As such, the new report calls on policymakers and the building industry to place efforts to curb embodied carbon at the heart of the sector’s efforts to transition towards net zero emissions. “We call on companies throughout the built environment and worldwide to implement systemic, not incremental, changes to achieve the shared goal of at least halving our emissions by 2030,” the report states. “We need this systemic change today, as we are already planning what will be built in 2030. For the built environment, 2030 is today.”

The report sets out a series of recommendations in an action plan for the industry, all of which centre on the mantra “doing more with less”.

Presented at the property development conference MIPIM last week, the recommendations call improved carbon data collection acros the industry after the report found only one per cent of building projects are currently calculating the full carbon footprint of construction. Data collection needs to be more widespread and transparent across the industry in order for real progress to be made, the report suggested.
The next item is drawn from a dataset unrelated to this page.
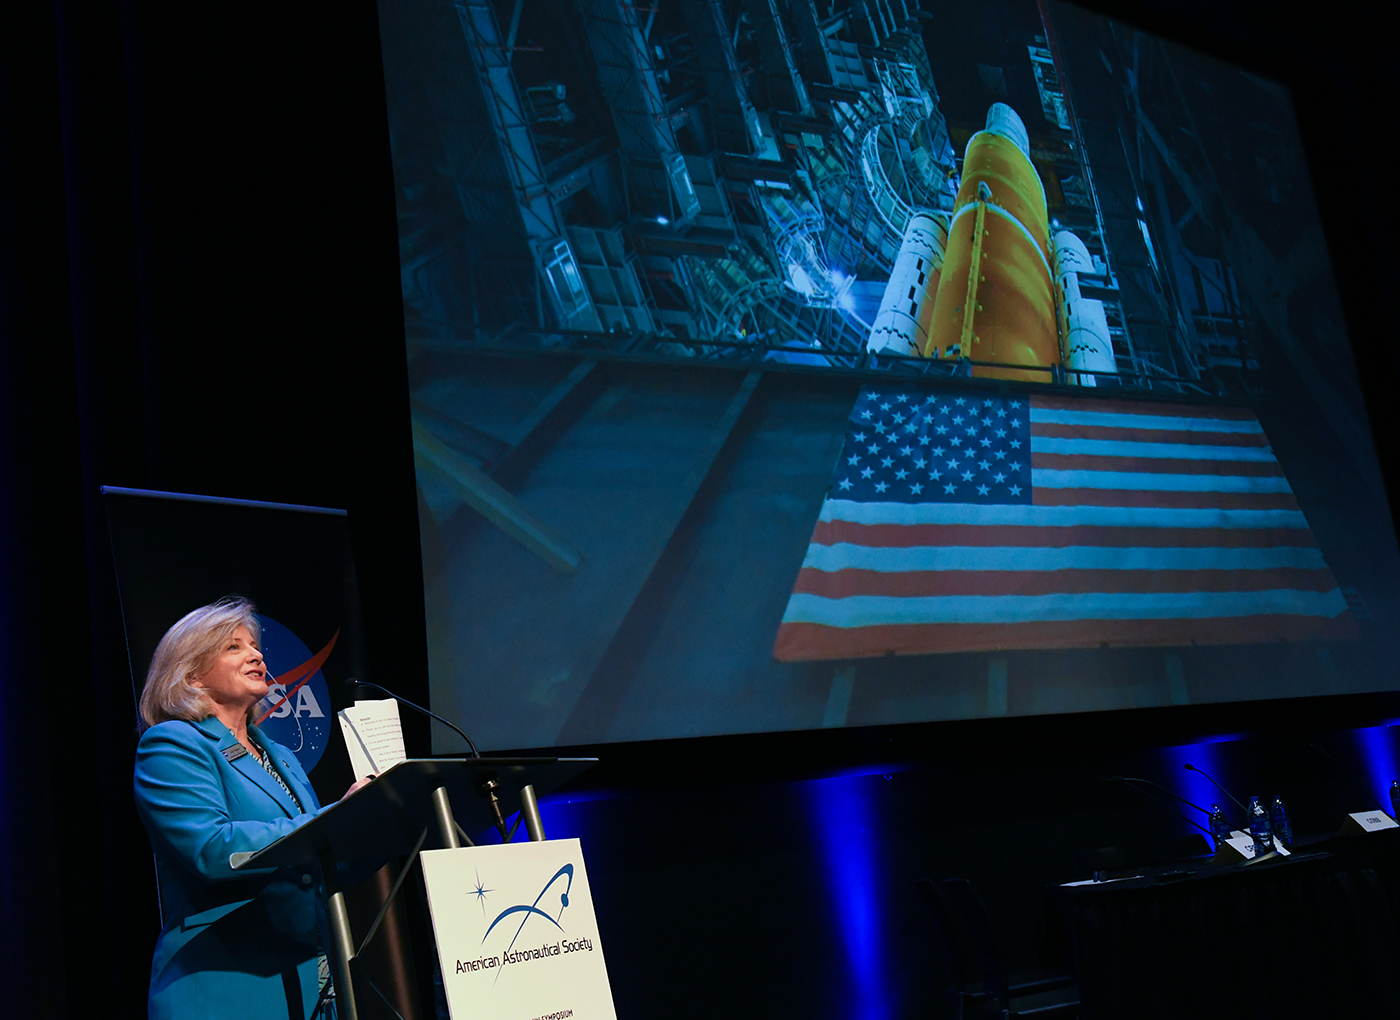 Marshall Director Jody Singer delivers opening remarks at the Wernher von Braun Memorial Symposium Oct. 12.

The WBSCD also predicted that better data would enable an attitude of “[treating] carbon like money, setting clear budgetary targets”, which would help inform planning and implementation decisions throughout the construction process.

The report also calls for improved building design, such as layering materials or adjusting the positioning of carbon-intensive columns so as to minimise the number required, and urges architects and developers to consider the reusability of materials so as to lay the foundations for a construction industry based on circular economy models.

Chris Carroll, Building Engineering Director at Arup, said: “This report shows that property developers, and their appointed teams, can achieve significant carbon reduction targets now. It is possible to at least halve embodied carbon emissions in construction now by better using what is already available.

“But there is no single solution or silver bullet. Earliest possible, systemic and collaborative thinking is the route forwards.

“There must be urgency in our action. The global climate crisis is more evident by the day, and today’s actions are crucial. Carbon must become a priority, equal to money in all future decision-making.”

His comments were echoed by Roland Hunziker, director, built environment at WBCSD, who said tackling embodied carbon would require co-operation across the industry. “Our new report highlights the importance of radical collaboration across the entire value chain to achieve this goal,” he said. “We identify practical and holistic measures that can be deployed in any building project around the world now.”